Critique : Mauvaise foi

Louisa Amara | 6 décembre 2006
Louisa Amara | 6 décembre 2006

Enfin une comédie dramatique sur les juifs et les musulmans, juste et sans cliché ! Enfin des auteurs qui savent de quoi ils parlent, et qui ont suffisament d'autodérision et de recul pour exploiter cette matière si complexe mais si riche. Par manque de subtilité, de réalisme et disons le franchement, de talent, les comédies sur les différences entre blacks blancs beurs et juifs, ont souvent survolé le sujet sans apporter un réel point de vue sur les difficultés que peuvent rencontrer les couples mixtes.
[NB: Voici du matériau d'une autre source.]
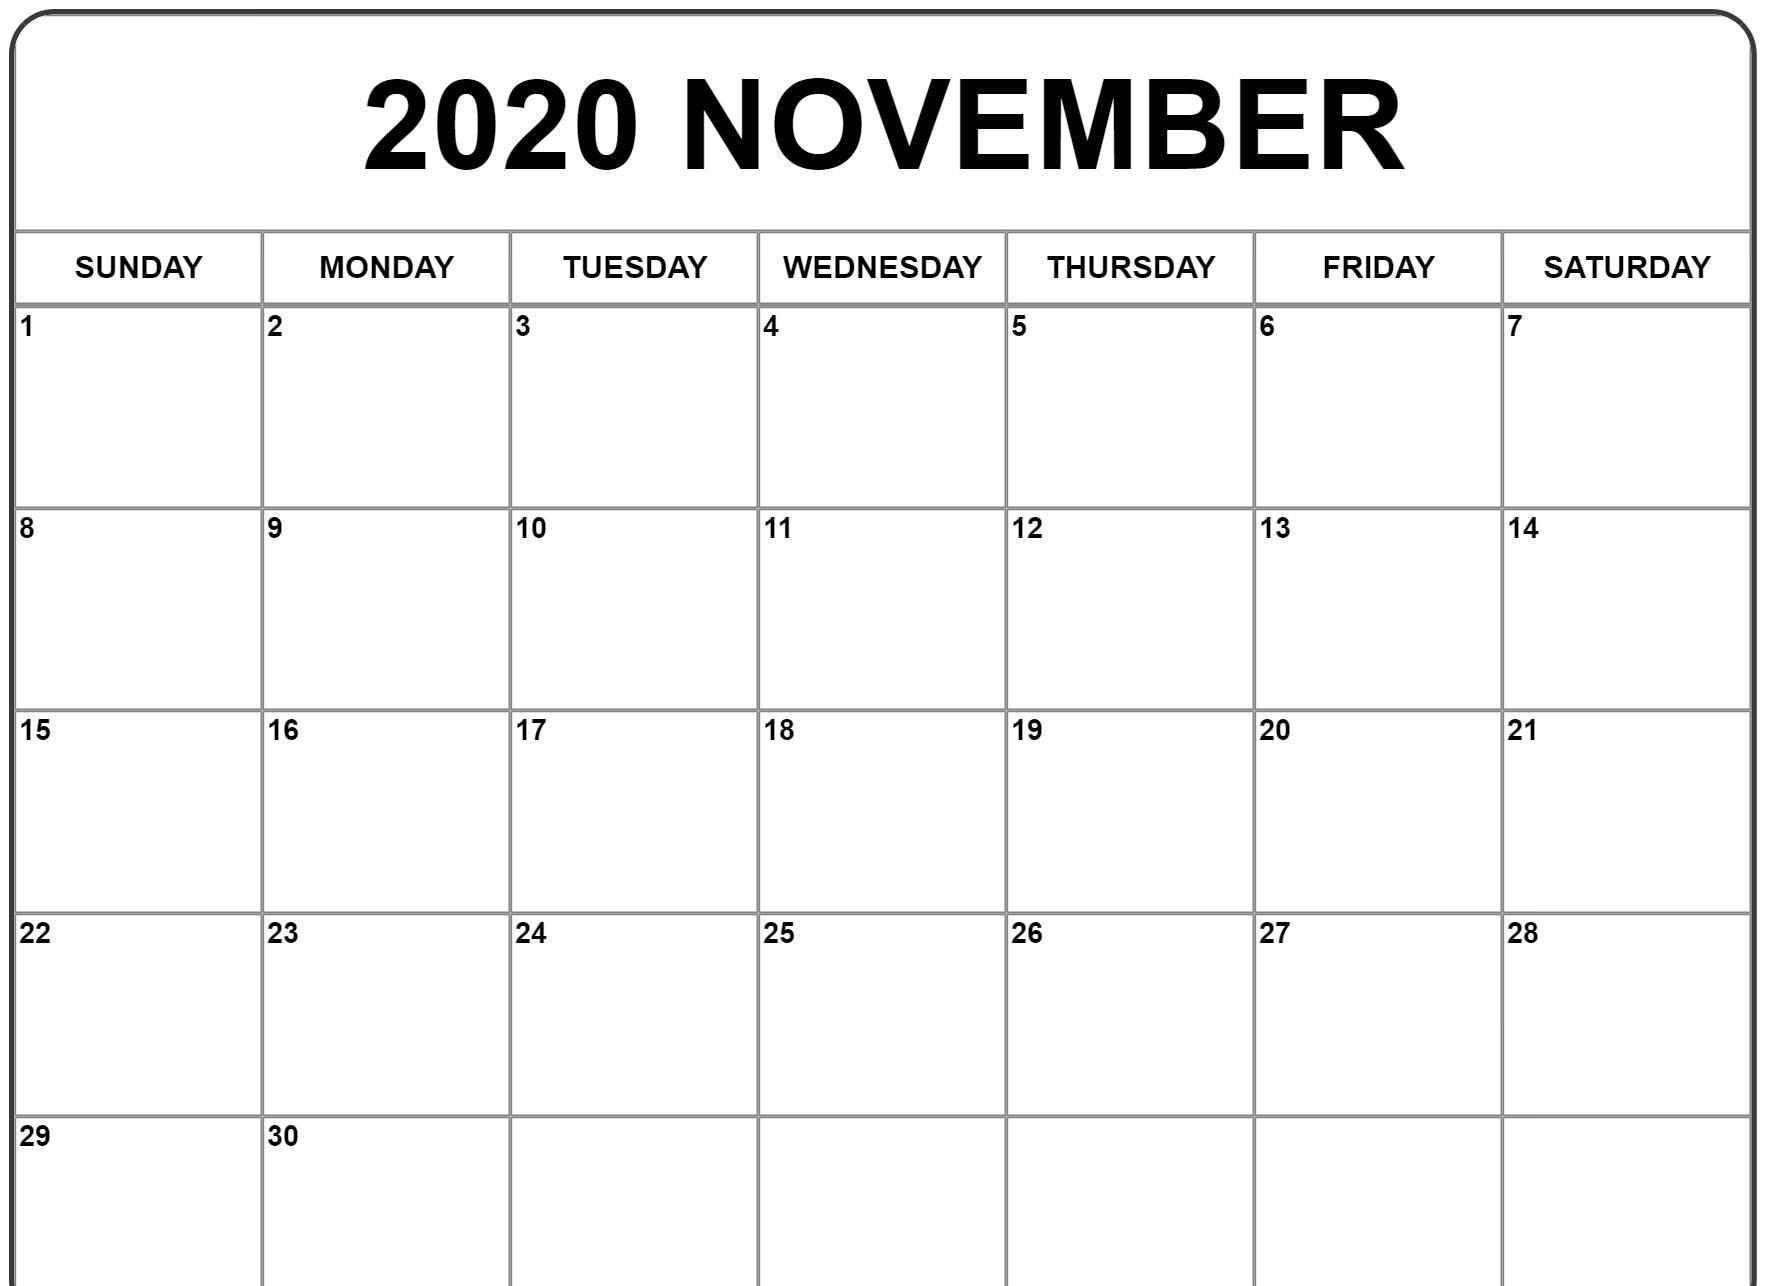 Blank November 2020 Calendar Printable - Wpa.wpart.co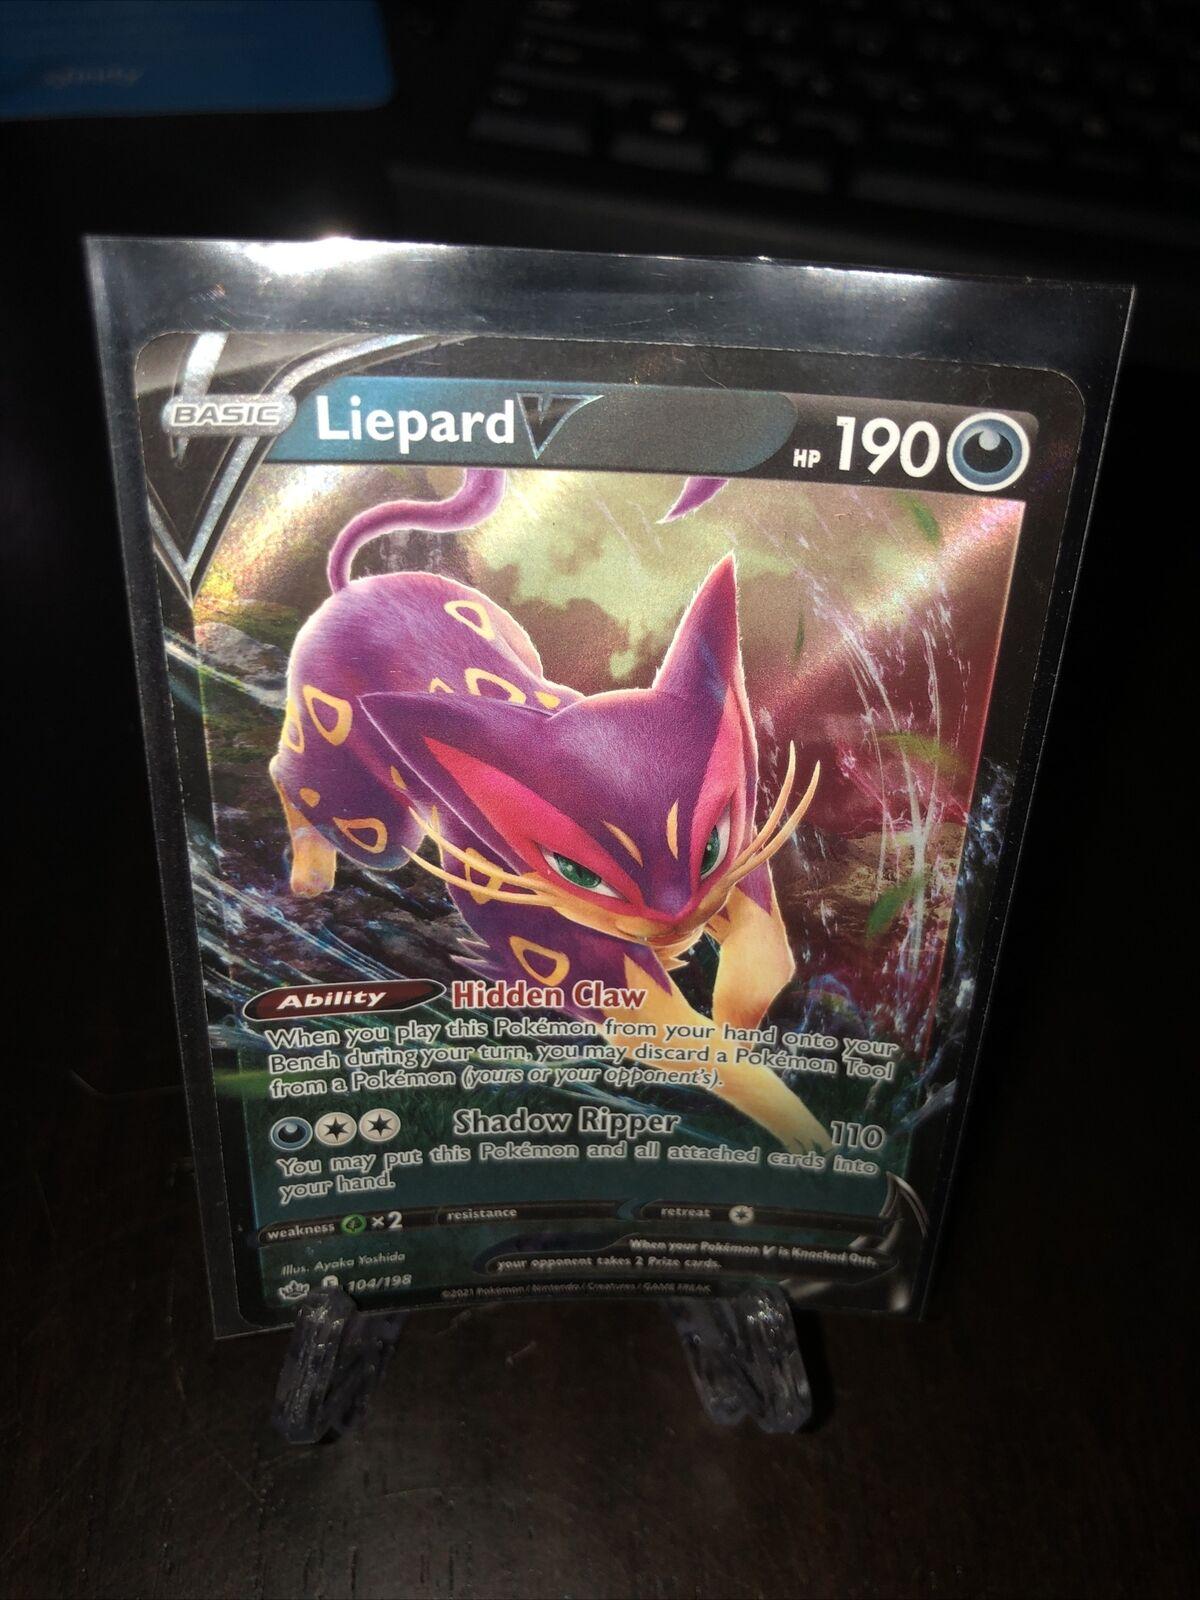 POKEMON TCG CARD Liepard V 104/198 Chilling Reign 2021 Ultra Rare Holofoil - NM

Roschdy Zem et Pascal Elbé, l'un arabe, l'autre juif, tous deux acteurs et auteurs, ont su travailler ensemble pour mieux échanger leurs expériences individuelles et familiales, en construisant une trame solide où les personnages ont une véritable évolution. C'est la richesse première du film qui explique pourquoi les clichés y sont absents et les personnages bien exploités du premier au dernier rôle. Un vrai bol d'air dans un cinéma français où les producteurs sont souvent à l'affut de La vérité si j'mens 3. Il est particulièrement appréciable de voir enfin montrée au cinéma, cette majorité silencieuse, modérée, bien intégrée, et bien réelle, mais absente des JT avides de sensationnalisme.

Mauvaise foi relève le pari de faire rire tout en apportant une véritable réflexion. S'en étonnant eux-mêmes, les auteurs n'avaient pas prévu de faire basculer cette comédie dans le drame et la critique sociale : « assez tard dans la phase d'écriture - surtout pendant le tournage - une forme d'âpreté est venue se calquer sur le film, assez naturellement ». Le contexte actuel aidant, les profondes différences entre les deux communautés rejaillissent, et il faut alors proposer la seule solution possible : le compromis. Dans son premier film Roschdy Zem rappelle avec une simplicité déconcertante que les concessions faites de part et d'autre peuvent assurer la pérennité d'un couple mixte, avec tout ce que cela implique : la vie au quotidien, en acceptant l'autre tel qu'il est, mais surtout, l'éducation des enfants, véritable déclencheur de toute l'histoire.

Pour vivre heureux, vivons cachés, c'est l'adage de bon nombre de couples mixtes qui décident d'affronter le regard des familles respectives (donc le début des emmerdes), seulement lorsqu'ils n'en plus le choix : emménagement, mariage, grossesse, etc. C'est aussi la raison pour laquelle, Mauvaise foi vise juste. Il y a du Woody Allen parfois dans les dialogues, dans le rire et le cynisme des héros. La réalisation est enlevée, sans grands effets, rythmée et évite le déjà-vu. Pour un peu, on en oublierait presque que ce n'est que le premier film de Roschdy Zem. On le savait déjà excellent acteur, il gagne ses galons de cinéaste. Vivement la suite.